Das Internet und Social Media bieten einige Tücken & Stolpersteine – auch hinsichtlich des Urheberrecht! In die grundlegenden Fettnäpfchen braucht man aber gar nicht erst reinzutreten: Dass etwas im Internet steht, heißt nicht, dass man darüber frei verfügen kann. Das darf man nur ausnahmsweise. Und wer sich im Internet bewegt und dies bereichert, veröffentlicht so gut wie ausnahmelos!

Zugegeben das Urheberrecht ist nicht die unkomplizierteste Rechtsmaterie. Es ändert nichts daran, dass jeder, der sich im Internet bewegt, zwangsläufig ständig mit ihr konfrontiert ist.

Auch wenn es zuweilen immer noch angenommen wird: Ist etwas im Internet oder anderen Orts veröffentlicht, ist es natürlich nicht gemeinfrei oder zur freien Verfügung gestellt, weil es veröffentlicht ist. Umgekehrt wird ein Schuh daraus! Des Urheberrechts bedarf es, weil veröffentlicht wird und damit es trotz Veröffentlichung Schutz genießen kann.

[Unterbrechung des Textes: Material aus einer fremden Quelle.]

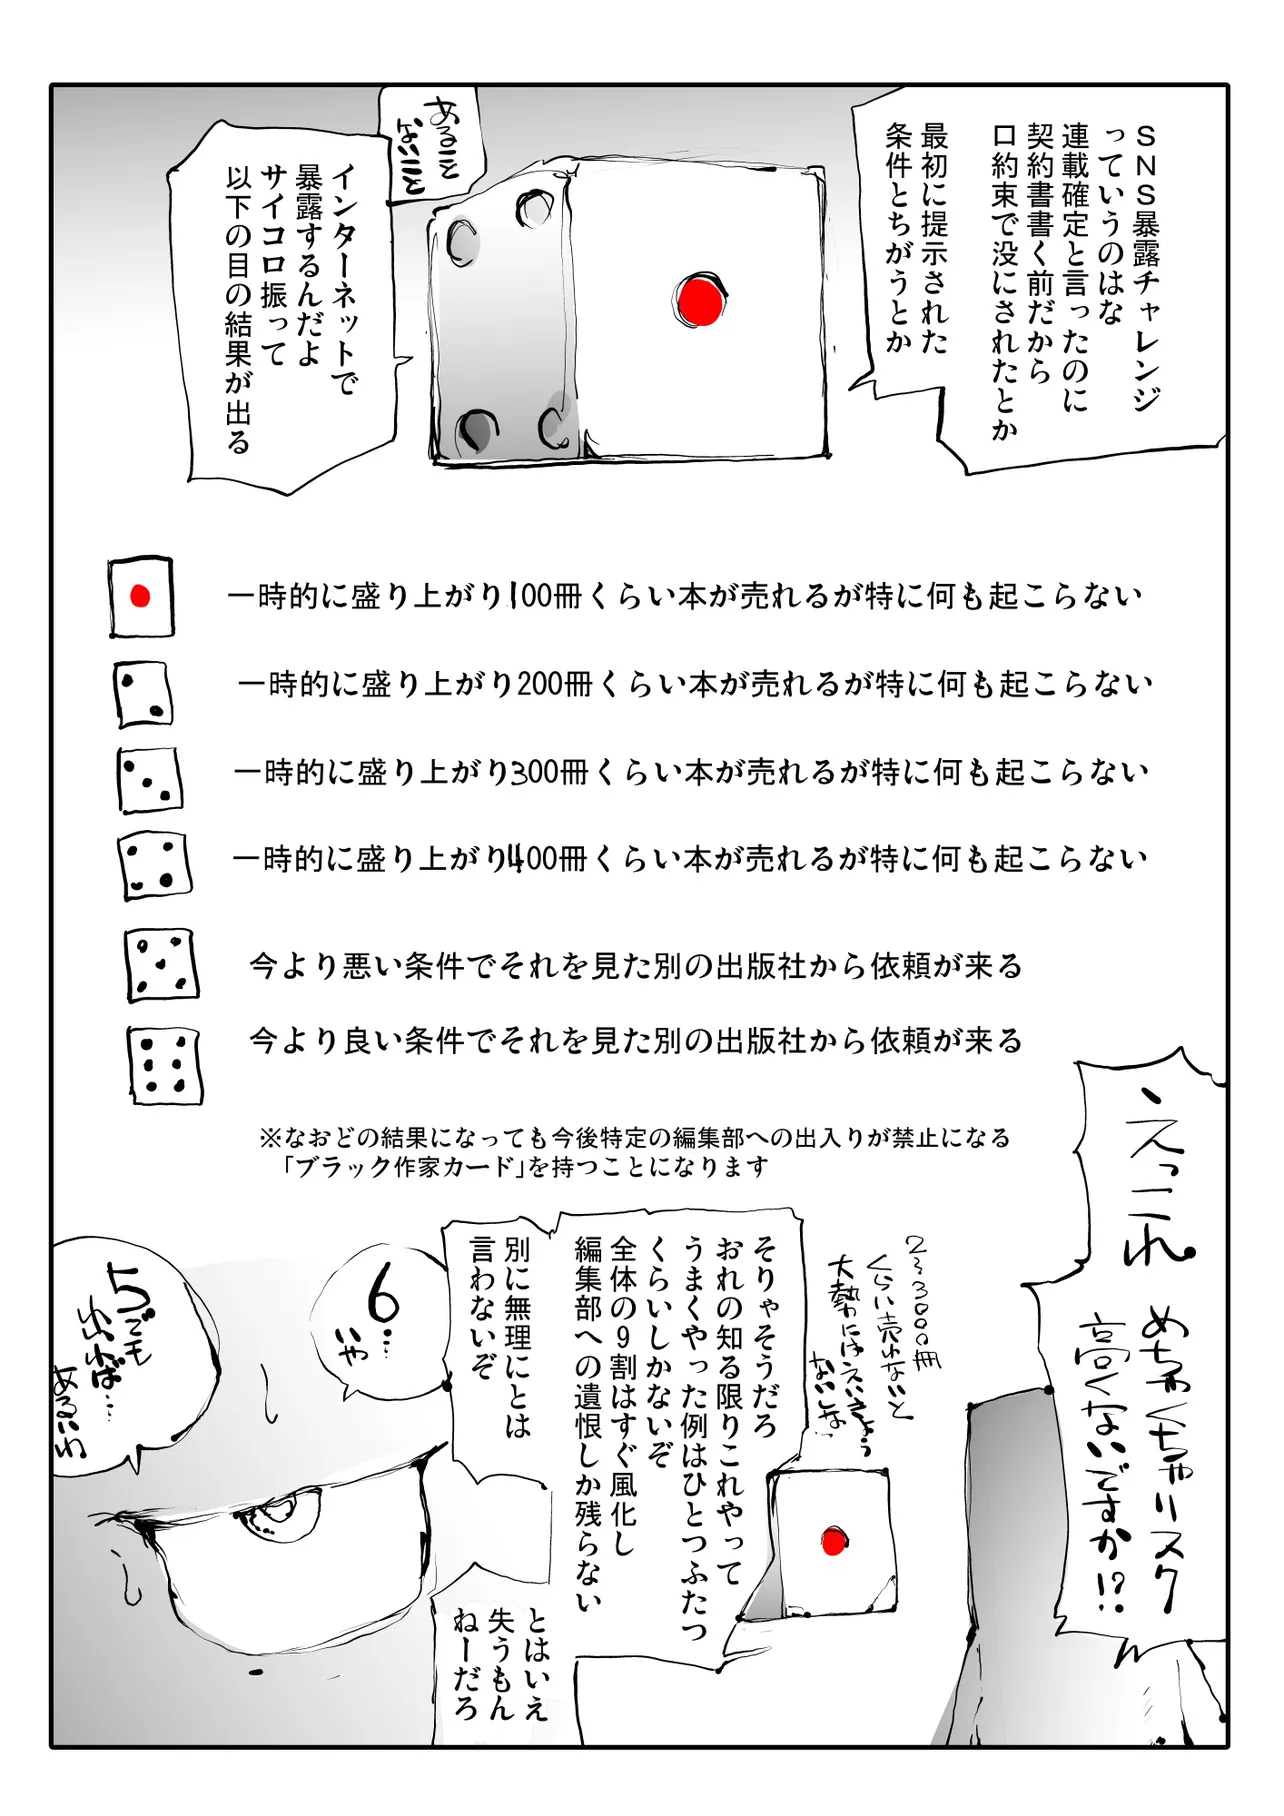 『まんが家すごろく』(25/48)

Die Rechtswissenschaft und die deutsche Rechtsordnung – das lässt sich sogar verallgemeinern – ist im Prinzip eine höchst systematische Angelegenheit. Das Synonym “geistiges Eigentum” winkt auch kräftig mit dem Zaunpfahl, worum es beim Urheberrecht geht. Hiervon ausgegangen und ganz systematisch angegangen, ist es eigentlich ganz einfach und logisch erfassbar, wie mit dem Urheberrecht umzugehen ist.

Man braucht sich auch nicht wirklich ausführlich mit der, den Urheberrechtsschutz auslösenden so genannten „Werkstiefe“, dem „Zitierrecht“, privater Nutzung oder anderen juristischen Feinheiten des Urhebergesetzes befassen. Es gilt der Schutz der „kleinen Münze“.
Vor den Zeiten des Internets liefen die meisten nicht Gefahr Urheberrechte zu verletzen, es sei denn man verfasste Promotionsschriften. Und in den Zeiten des Internets kann zwar jeder veröffentlichen, spielen die zulässigen Ausnahmen aber keine relevante Rolle mehr, weil ja veröffentlicht wird.

“Man schmückt sich nicht mit fremden Federn”…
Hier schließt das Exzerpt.